Delays to new Sudanese oil investment opportunities likely due to political upheaval, says GlobalData

Following the reports on April 11 that Sudan’s President Omar al-Bashir will step down,

Will Scargill, Senior Oil & Gas Analyst at GlobalData, a leading data and analytics company, offers his view on the effect on the country’s oil and gas industry:

“Efforts to attract renewed investment into Sudan’s oil and gas industry may be delayed by political upheaval. The government was hoping that remaining US sanctions would be lifted, paving the way for new licensing, but a bid round now appears unlikely in the near term.

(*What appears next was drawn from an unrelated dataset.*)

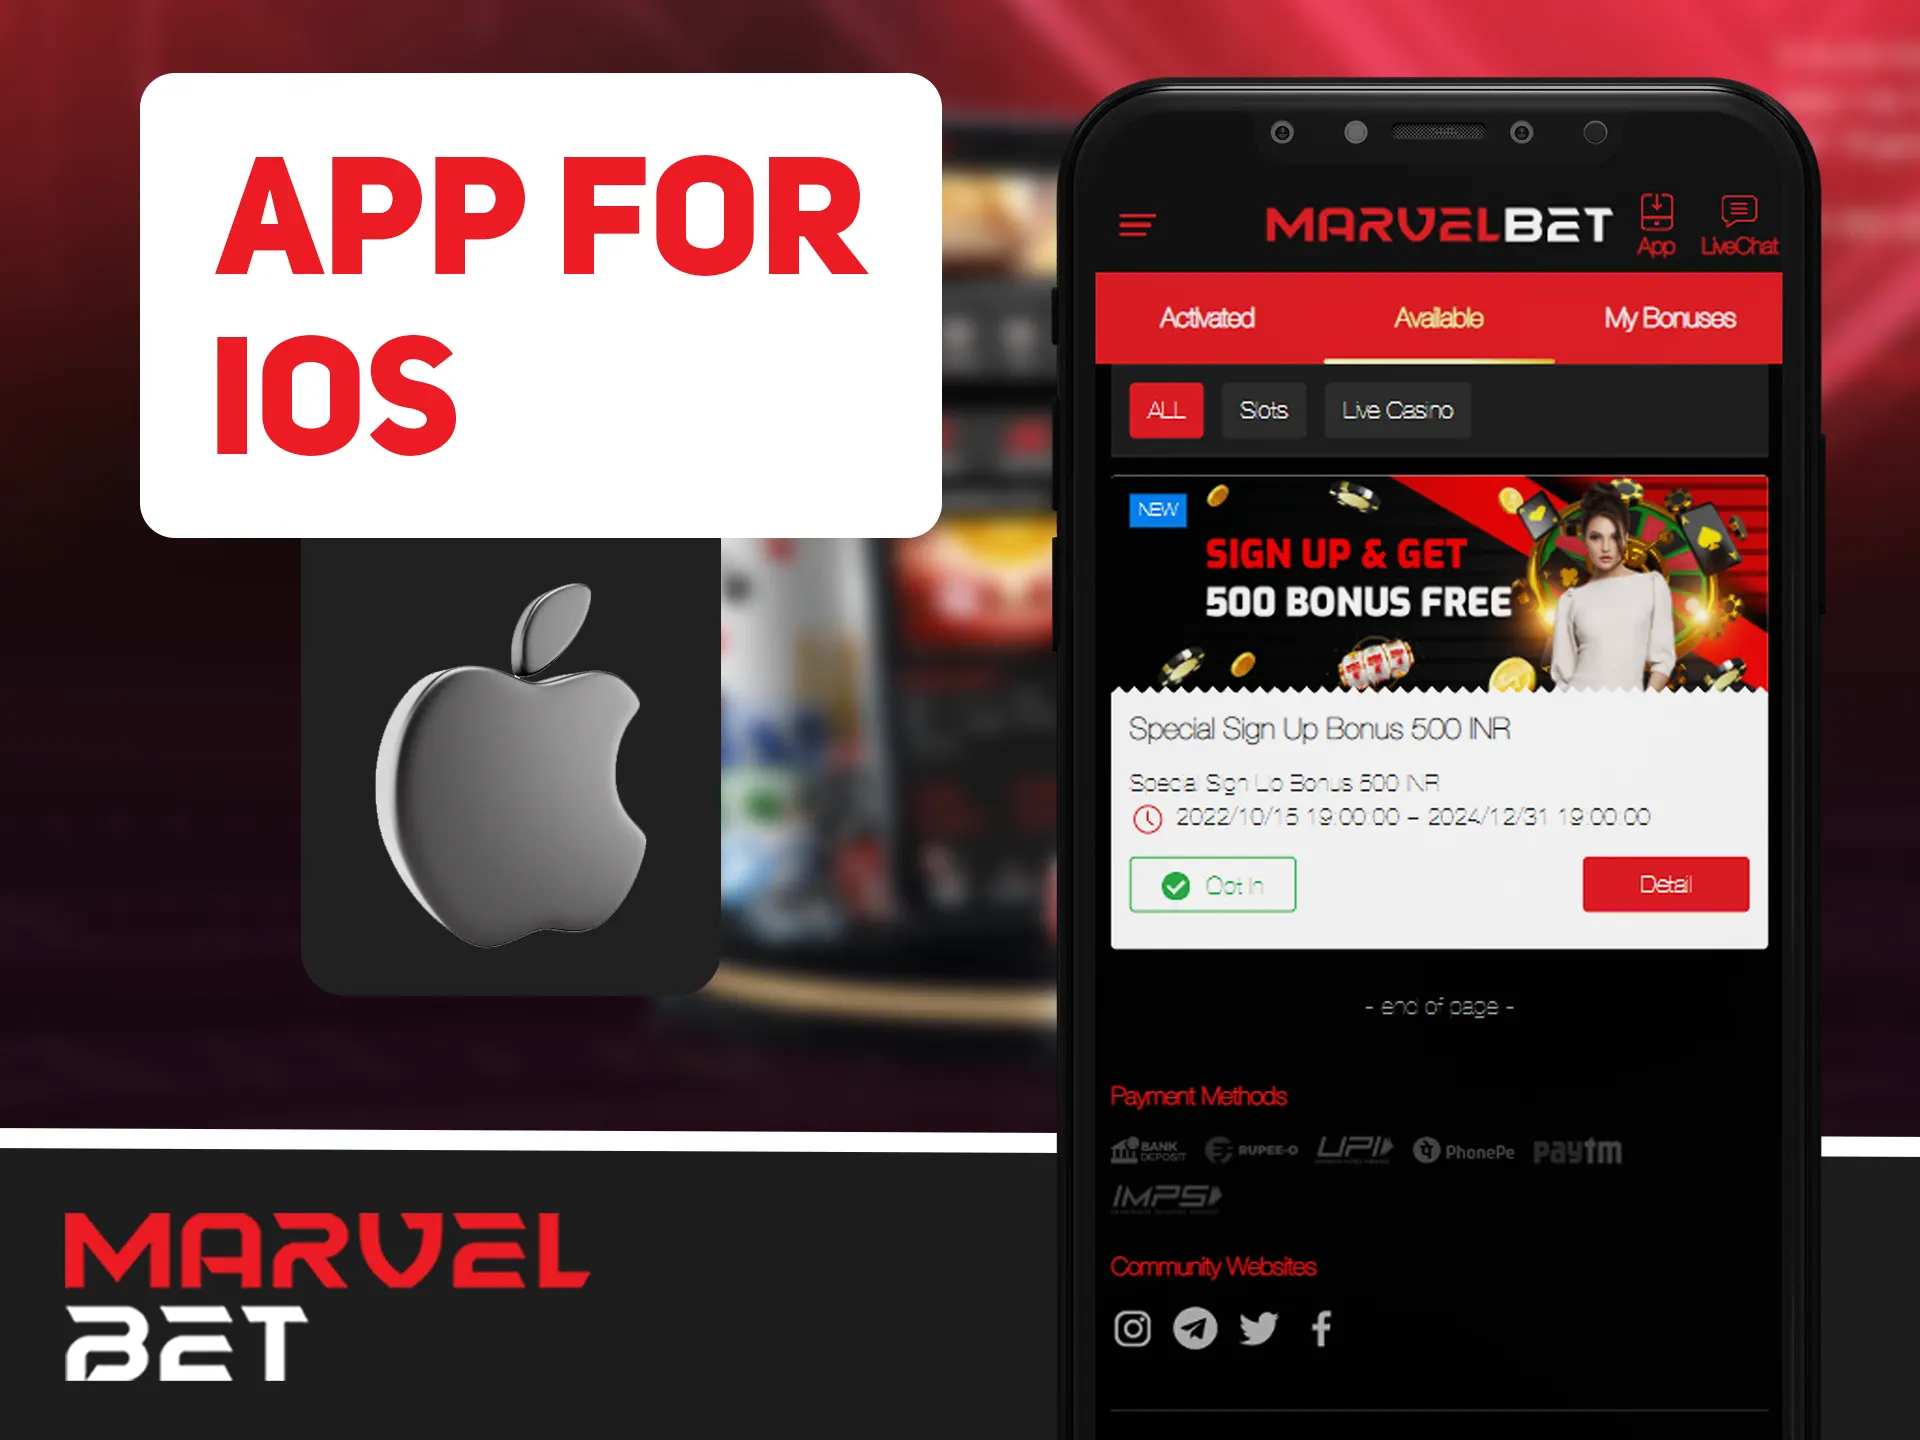 Install Marvelbet app on your iOS device.

“Sudan’s oil industry has declined significantly over the past decade, now producing a little over 60,000 barrels per day compared to around 500,000 barrels per day back in 2007. Major oil fields were lost when South Sudan gained independence in 2011 and the remaining industry has suffered from a lack of investment, in part due to the country’s political and economic isolation. To combat this the government had hoped to offer acreage for new exploration later this year, though this process had already been delayed from its original schedule.

“A change in leadership after al-Bashir’s 30 years in power is bound to be disruptive to the implementation of policies to attract new investment and at the moment the political situation still appears very uncertain. The current instability may continue if the army’s transition plans do not meet protestors’ wider demands.”